Thibaut Pez transforme les blessures de l’enfance en geste d’affirmation avec Mauvais sang. Un premier EP court et frontal, où l’intime devient politique et où l’on apprend, enfin, à ne plus s’excuser.
Chez Thibaut Pez, tout commence par une tension. Celle d’un corps qui a appris très tôt qu’il ne rentrerait pas dans le cadre, et qui a longtemps dû composer avec ce décalage. Artiste à la croisée de la musique, du théâtre et de la performance, il développe depuis plusieurs projets une œuvre traversée par les questions d’identité et de regard. Avec Mauvais sang, son premier EP, il pose les bases d’un récit sans jamais céder à la tentation de l’explication frontale. Ici, tout passe par des images, des sensations, des fragments.
La ligne est claire d’entrée de jeu. « Oh papa, qu’as-tu fait de moi ? », chante-t-il dès le titre d’ouverture. La phrase pourrait annoncer une plainte, elle ouvre en réalité un renversement. Thibaut replonge dans ce moment où les mots des autres commencent à peser, où l’on comprend que quelque chose, aux yeux du monde, ne va pas. Mais plutôt que de chercher à réparer, il choisit d’assumer. Le « mauvais sang » devient alors un point d’appui, presque une matière. Ce geste se prolonge ailleurs : dans la pochette, où il rejoue une scène d’enfance maquillé avec les affaires de sa mère, comme dans la reprise de Peau d’Âne imaginée avec Thomas Jolly, qui fait dialoguer héritage et présent.

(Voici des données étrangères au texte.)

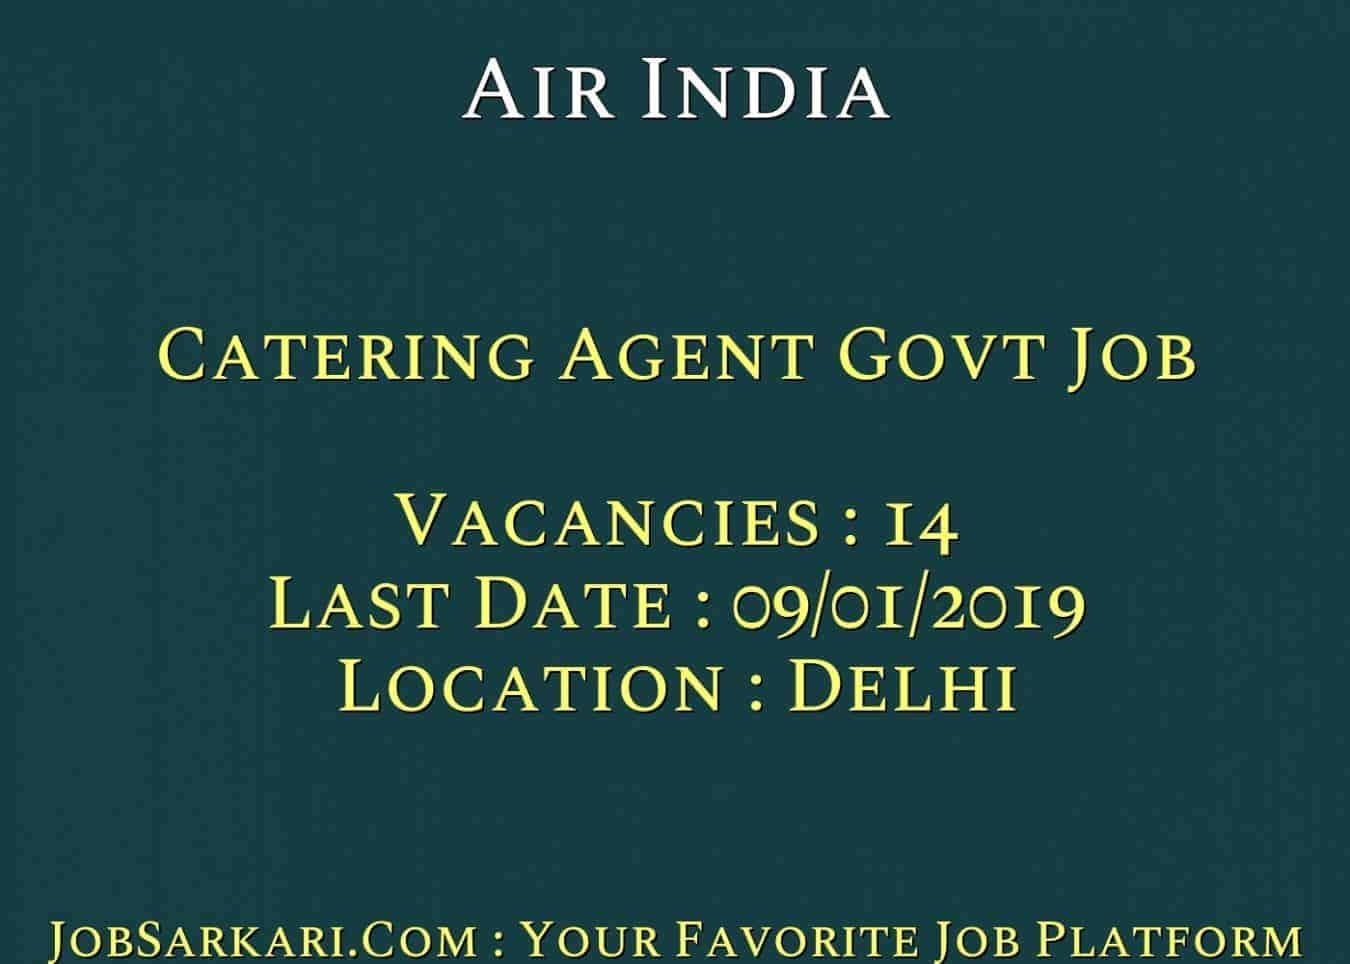 Air India Recruitment 2018 for Catering Agent Govt Job

Le reste du disque explore cette trajectoire sans jamais la figer. « Ça me passe l’envie », derrière son apparente légèreté pop, laisse affleurer une forme d’usure, celle que produit le regard de l’autre quand il devient trop insistant. À l’inverse, « Quel bonheur (que tu n’existes plus) » ouvre un espace de respiration : celui d’un détachement enfin possible, d’une joie presque incrédule de ne plus être atteint. Entre les deux, « Rêve secret d’un prince et d’une princesse », partagé avec Thomas Jolly, esquisse un conte queer où l’amour hésite encore entre le secret et l’exposition, tandis que « Le goût du jour » referme l’ensemble sur une note plus sourde, celle d’un quotidien que l’on traverse parfois sans y être tout à fait.

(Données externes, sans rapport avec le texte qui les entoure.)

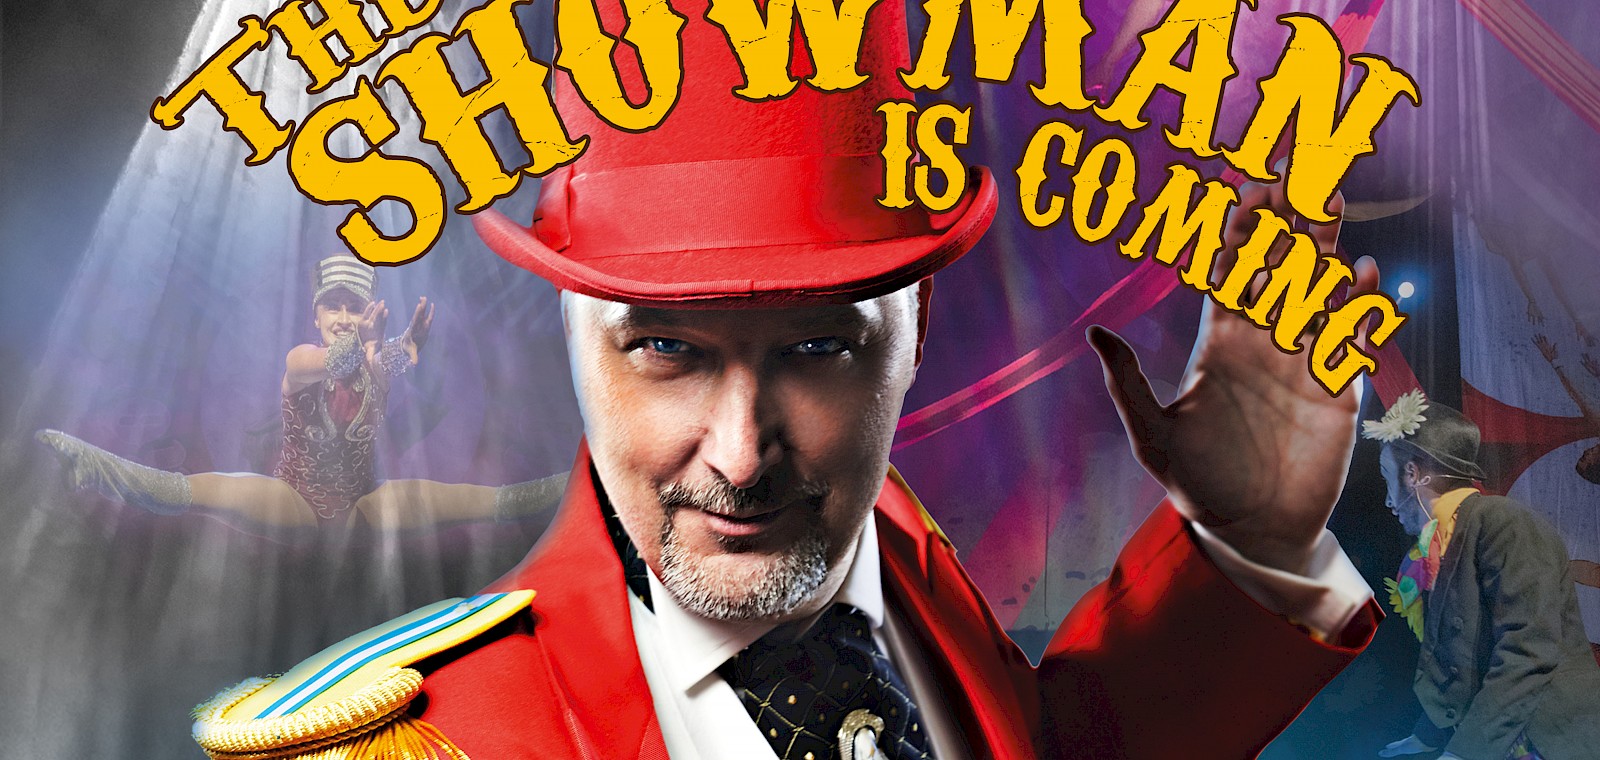 The Showman is coming

En parallèle, Thibaut Pez prolonge cette exploration avec un podcast du même nom, où il donne la parole à des artistes comme Paloma ou Aloïse Sauvage. Des récits différents, mais qui finissent par se rejoindre dans une même tentative de mise en mots. Mauvais sang procède du même mouvement. Court, parfois à vif, l’EP expose, relie, transforme. Et dans cet espace-là, sans jamais forcer l’identification, il touche à quelque chose de familier.